La mise en œuvre du marketing public dans une collectivité complète les logiques
techniques et gestionnaires déjà en place, ainsi que la logique politique et la logique
citoyenne. Le marketing enrichit la discussion nécessaire avant tout arbitrage des élus
locaux. Le Grand Lyon a cherché, dans sa démarche, à améliorer ses prestations en
s’intéressant à la notion de bénéficiaires. La communauté urbaine l’a par la suite
généralisé, parallèlement à la diffusion en interne d’une « culture des choix », en évaluant
les projets en fonction de leur contribution à l’atteinte des objectifs de politiques publiques.

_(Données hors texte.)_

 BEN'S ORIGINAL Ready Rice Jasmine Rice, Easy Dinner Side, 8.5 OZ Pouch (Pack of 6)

Ces dernières ont été formalisées dans le cadre d’un plan de mandat. Une équipe de
marketing stratégique, qui rapporte directement au directeur général, a été mise en place.
Son objectif est que chacune des politiques réponde aux justes attentes des bénéficiaires,
sans chercher nécessairement à améliorer la qualité de manière constante.

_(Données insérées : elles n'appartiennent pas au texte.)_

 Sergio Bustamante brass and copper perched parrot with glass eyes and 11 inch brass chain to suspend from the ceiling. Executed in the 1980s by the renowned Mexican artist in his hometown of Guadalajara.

Le marketing stratégique a été utilisé pour la politique de la propreté, dont l’objectif est
aujourd’hui l’amélioration du cadre de vie en collaboration avec les usagers, alors qu’il
s’agissait autrefois d’améliorer le circuit des balayeuses. Le marketing a également été
utilisé pour évaluer les prestations de services internes des fonctions supports de la
communauté urbaine.
V.
Evaluer pour définir les frontières de l’action publique locale
(Jean-Gabriel MADINIER)
L’évaluation des politiques publiques revient à émettre un jugement de valeur et des
recommandations sur les résultats, les impacts et la cohérence de la politique au regard
des objectifs prédéfinis. Elle reste limitée en France dans les services publics, et en
particulier dans les communes ou les intercommunalités. Les régions ont uniquement mis
en place des évaluations de type technique liées à l’utilisation de fonds européens.

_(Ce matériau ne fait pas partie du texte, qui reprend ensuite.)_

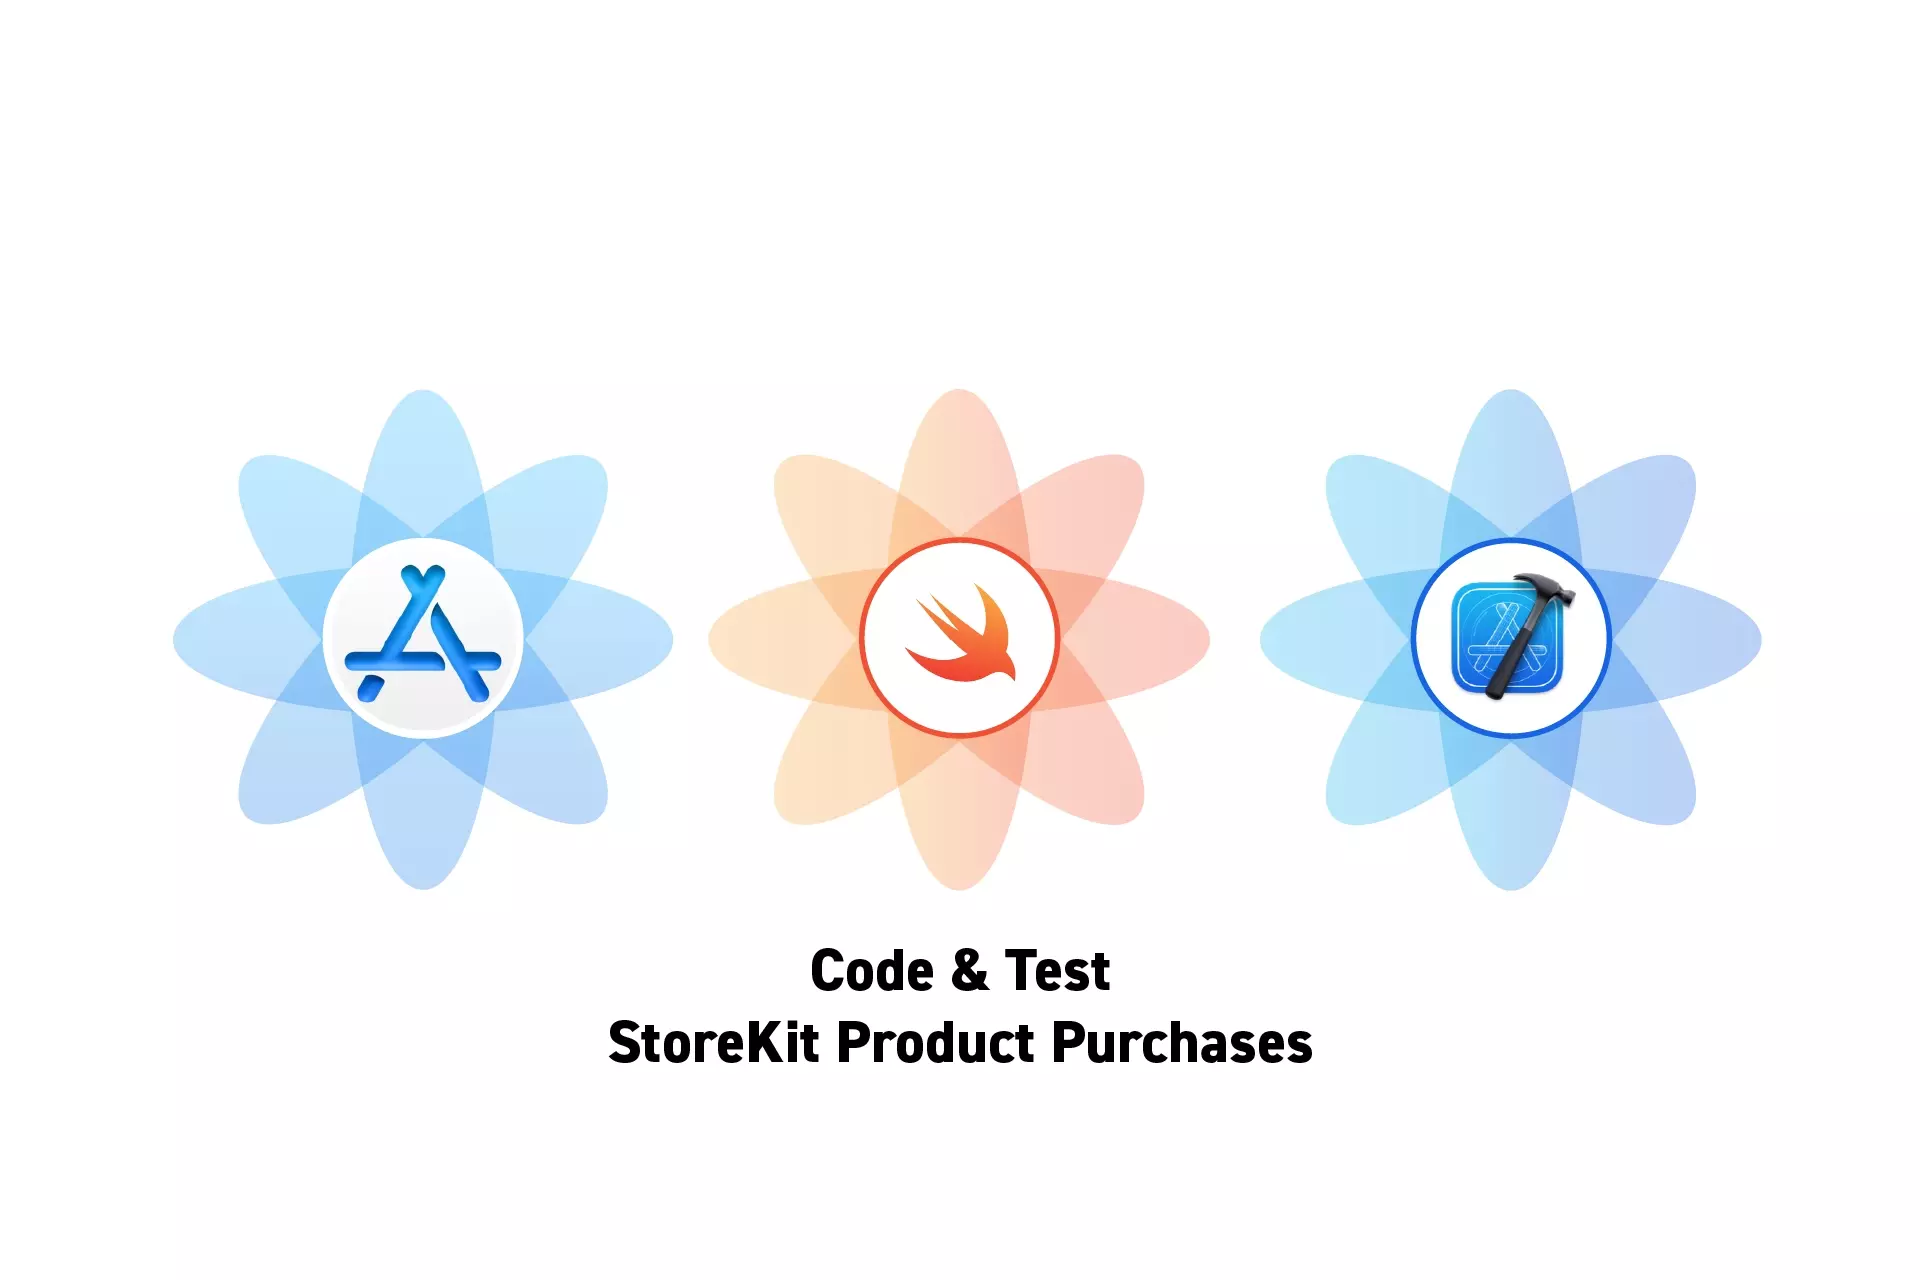 Three flowers that represent StoreKit, Swift and XCode side by side. Beneath them sits the text “Code & Test StoreKit Product Purchases.”

L’évaluation conduit à réinterroger les services publics et les modes de production. Elle
est un outil d’objectivation et aide à sortir d’un schéma de services publics conditionnés
par l’offre existante. Elle donne un sens à l’action administrative, car elle conduit à
s’interroger sur les finalités de cette dernière. L’évaluation peut être également un facteur
de déstabilisation, car elle remet en cause la place des élus et interroge le rôle de
l’exécutif et l’opportunité des politiques de long terme.